Tutup Mekanisme Umpan Balik Terhadap Masukan Masyarakat, UU P3 Diuji
Sebelas mahasiswa mempersoalkan frasa “dapat menjelaskan” dalam Pasal 96 ayat (8) UU P3 yang dinilai menutup mekanisme umpan balik terhadap masukan masyarakat dalam pembentukan suatu undang-undang.

 

JAKARTA, HUMAS MKRI – Bernita Matondang, Muhammad Amyusril Baramirdin, Aisyah Nurul Fajri beserta delapan Pemohon lainnya menguji konstitusionalitas Undang-Undang Nomor 13 Tahun 2022 tentang Pembentukan Peraturan Perundang-undangan (UU P3). Para Pemohon menilai ketentuan Pasal 96 ayat (8) UU P3 menimbulkan ketidakpastian prosedural yang berpotensi melanggar jaminan konstitusional warga negara. Hal tersebut disampaikan para Pemohon Permohonan Nomor 257/PUU-XXIII/2025 dalam sidang yang digelar pada Kamis (8/1/2026) di Ruang Sidang MK.

Dalam permohonannya, para Pemohon mempersoalkan frasa “dapat menjelaskan” dalam Pasal 96 ayat (8) UU P3 dinilai bersifat fakultatif dan tidak memberikan kepastian mengenai kewajiban pembentuk undang-undang untuk menindaklanjuti masukan masyarakat. Akibatnya, masyarakat yang telah berpartisipasi secara resmi tidak memperoleh kejelasan apakah pandangannya diterima, dipertimbangkan, atau dibahas dalam proses legislasi.

Sidang tersebut dipimpin oleh Hakim Konstitusi Arief Hidayat dengan didampingi Hakim Konstitusi Enny Nurbaningsih dan Hakim Konstitusi Daniel Yusmic P. Foekh. Para Pemohon berpendapat, kondisi tersebut bertentangan dengan prinsip kepastian hukum yang adil sebagaimana dijamin Pasal 28D ayat (1) Undang-Undang Dasar Negara Republik Indonesia Tahun 1945.

Menurut Para Pemohon, kepastian hukum tidak hanya berkaitan dengan keberlakuan norma secara formal, tetapi juga menuntut kejelasan, keterpahaman, serta dapat diprediksinya prosedur hukum, khususnya dalam pelaksanaan partisipasi publik.

“Partisipasi publik harus bermakna, mencakup hak untuk didengar, dipertimbangkan, dan memperoleh penjelasan atas pendapat yang disampaikan. Tanpa kepastian tindak lanjut, partisipasi publik berpotensi menjadi simbolik belaka,” ujar Aisyah Nurul Fajri yang hadir dalam persidangan.

Lebih lanjut, para Pemohon menegaskan bahwa partisipasi publik merupakan bagian dari procedural due process dalam negara hukum demokratis.

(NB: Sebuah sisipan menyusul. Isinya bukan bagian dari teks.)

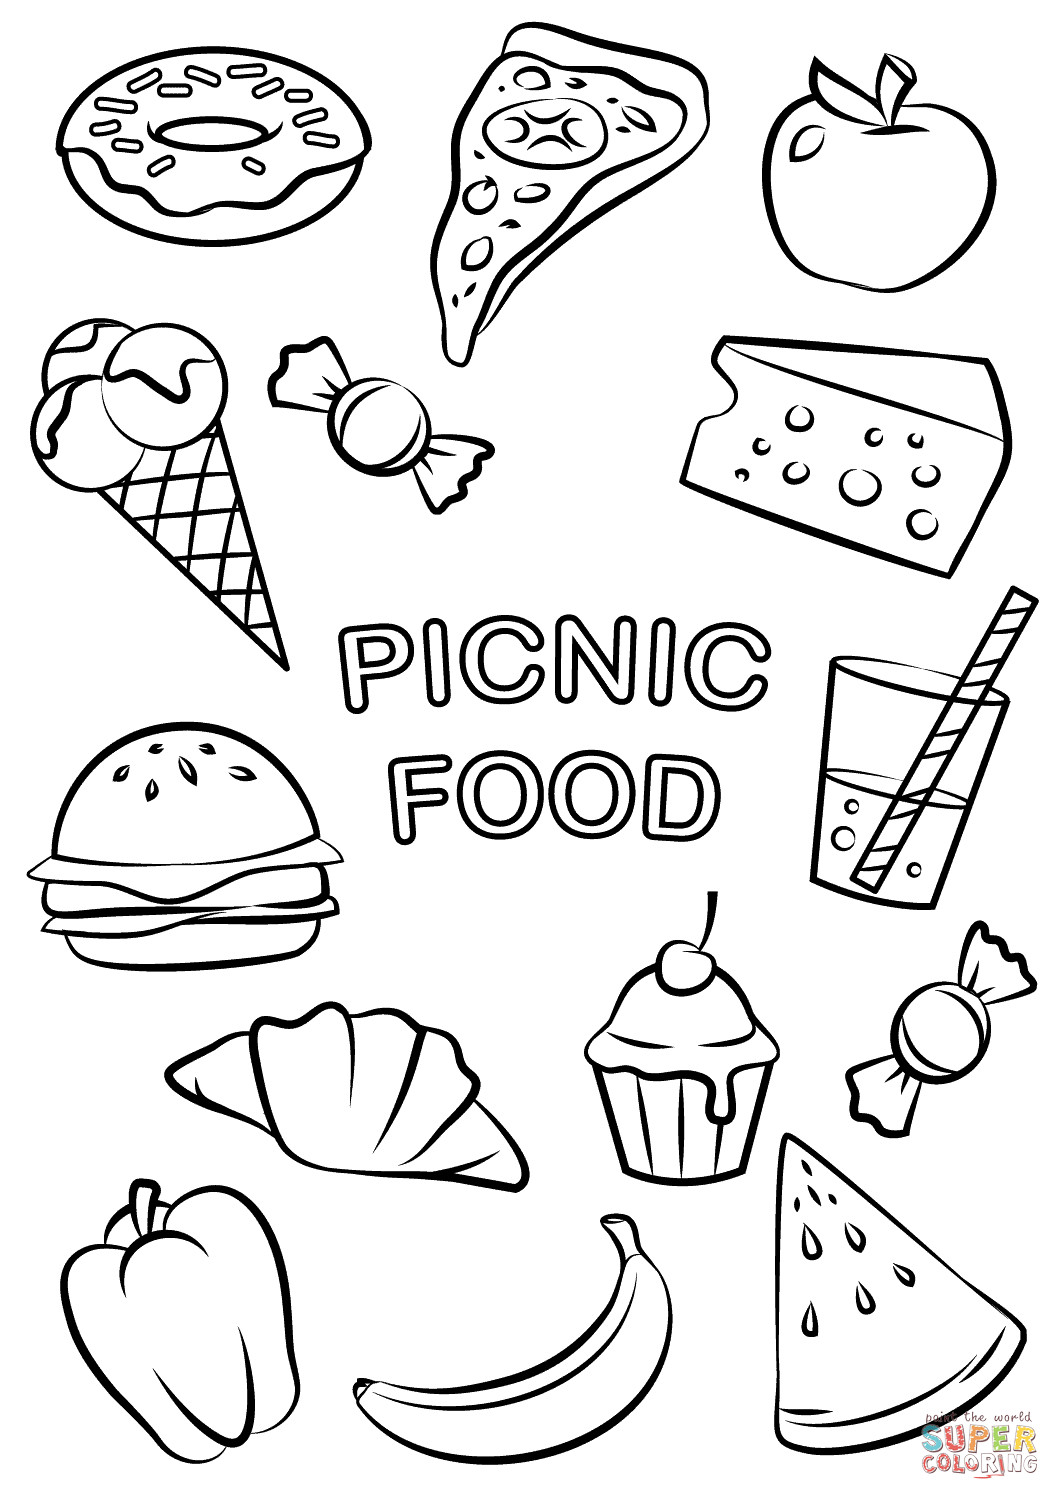 Food Coloring Pages For Kids
 Picnic Food coloring page

Hak masyarakat, menurut mereka, tidak berhenti pada penyampaian pendapat, tetapi juga mencakup hak untuk dipertimbangkan serta memperoleh penjelasan atas masukan yang telah disampaikan. Standar tersebut, lanjut Pemohon, telah ditegaskan Mahkamah Konstitusi dalam Putusan Nomor 91/PUU-XVIII/2020 mengenai meaningful participation.

Dalam permohonannya, Para Pemohon menyatakan telah menggunakan hak partisipasi publik dengan menyampaikan kajian akademik dan policy brief melalui mekanisme resmi kepada pembentuk undang-undang. Namun, ketiadaan kewajiban respons dalam Pasal 96 ayat (8) UU P3 menyebabkan mereka tidak memperoleh kepastian mengenai status dan tindak lanjut atas masukan tersebut.

Selain berimplikasi pada kepastian hukum, para Pemohon menilai norma a quo juga berdampak pada melemahnya hak untuk memajukan diri secara kolektif sebagaimana dijamin Pasal 28C ayat (2) UUD 1945. Partisipasi kolektif masyarakat, khususnya yang berbasis kajian ilmiah, dinilai kehilangan makna substantif ketika tidak disertai mekanisme umpan balik yang jelas dan terdokumentasi.

Para Pemohon juga menyoroti potensi ketidaksetaraan prosedural dalam partisipasi publik. Tanpa standar kewajiban respon yang seragam, terdapat risiko perbedaan perlakuan terhadap masyarakat yang memberikan masukan, sehingga bertentangan dengan prinsip kedaulatan rakyat dan persamaan kedudukan warga negara di hadapan hukum sebagaimana diatur Pasal 1 ayat (2) dan Pasal 27 ayat (1) UUD 1945.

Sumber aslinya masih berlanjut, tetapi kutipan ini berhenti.